AI-assisted bone age assessment using hand–wrist radiographs
Evaluation of the clinical efficacy of a TW3-based fully automated bone age assessment system using deep neural networks
Authors: Nan-Young Shin, Byoung-Dai Lee, Ju-Hee Kang, Hye-Rin Kim, Dong Hyo Oh, Byung Il Lee, Sung Hyun Kim, Mu Sook Lee, Min-Suk Heo
Summary
This study from Seoul National University (Korea) evaluated the clinical efficacy of a fully automated bone age assessment (BAA) system based on the Tanner–Whitehouse 3 (TW3) method.
The system was developed using deep neural networks to automatically detect and classify the 13 skeletal maturity regions in hand–wrist radiographs.

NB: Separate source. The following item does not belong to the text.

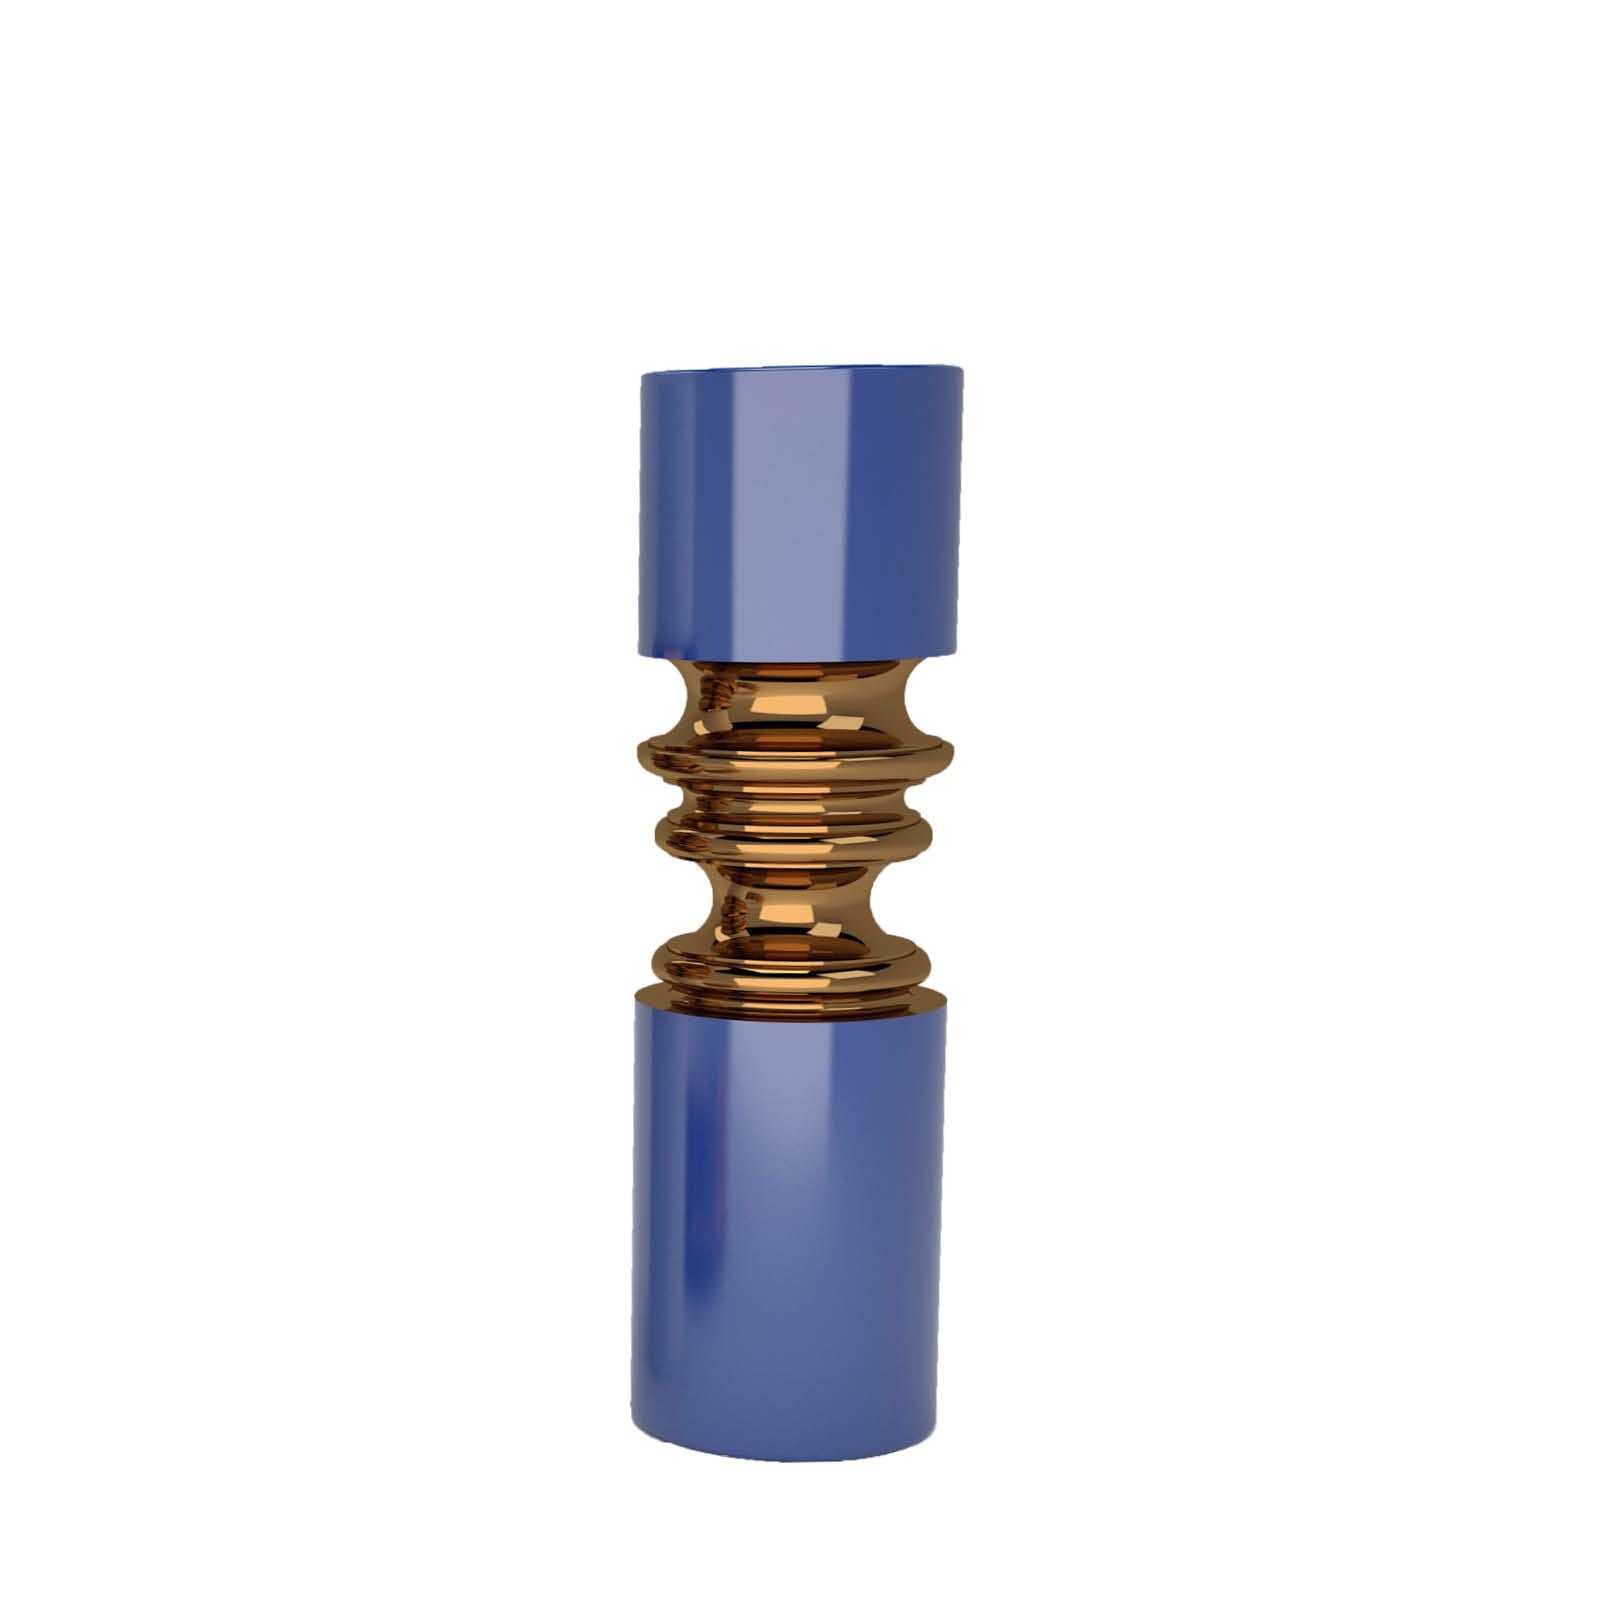 Driade Ordini Vase Cobalt Blue and Bronze | Panik Design

Eighty radiographs (40 boys and 40 girls, aged 7–15 years) were compared with manual TW3 evaluations by two oral and maxillofacial radiologists.
Statistical analysis revealed no significant differences between AI-based and human assessments (p>0.05), with a determination coefficient (R²) above 0.95 for all subgroups.
The results demonstrated high correlation and clinical equivalence, confirming the accuracy and reproducibility of the TW3-based automated system for pediatric skeletal maturity assessment.
Methodology
- Dataset: 80 hand–wrist radiographs (40 boys, 40 girls; ages 7–15 years) collected retrospectively.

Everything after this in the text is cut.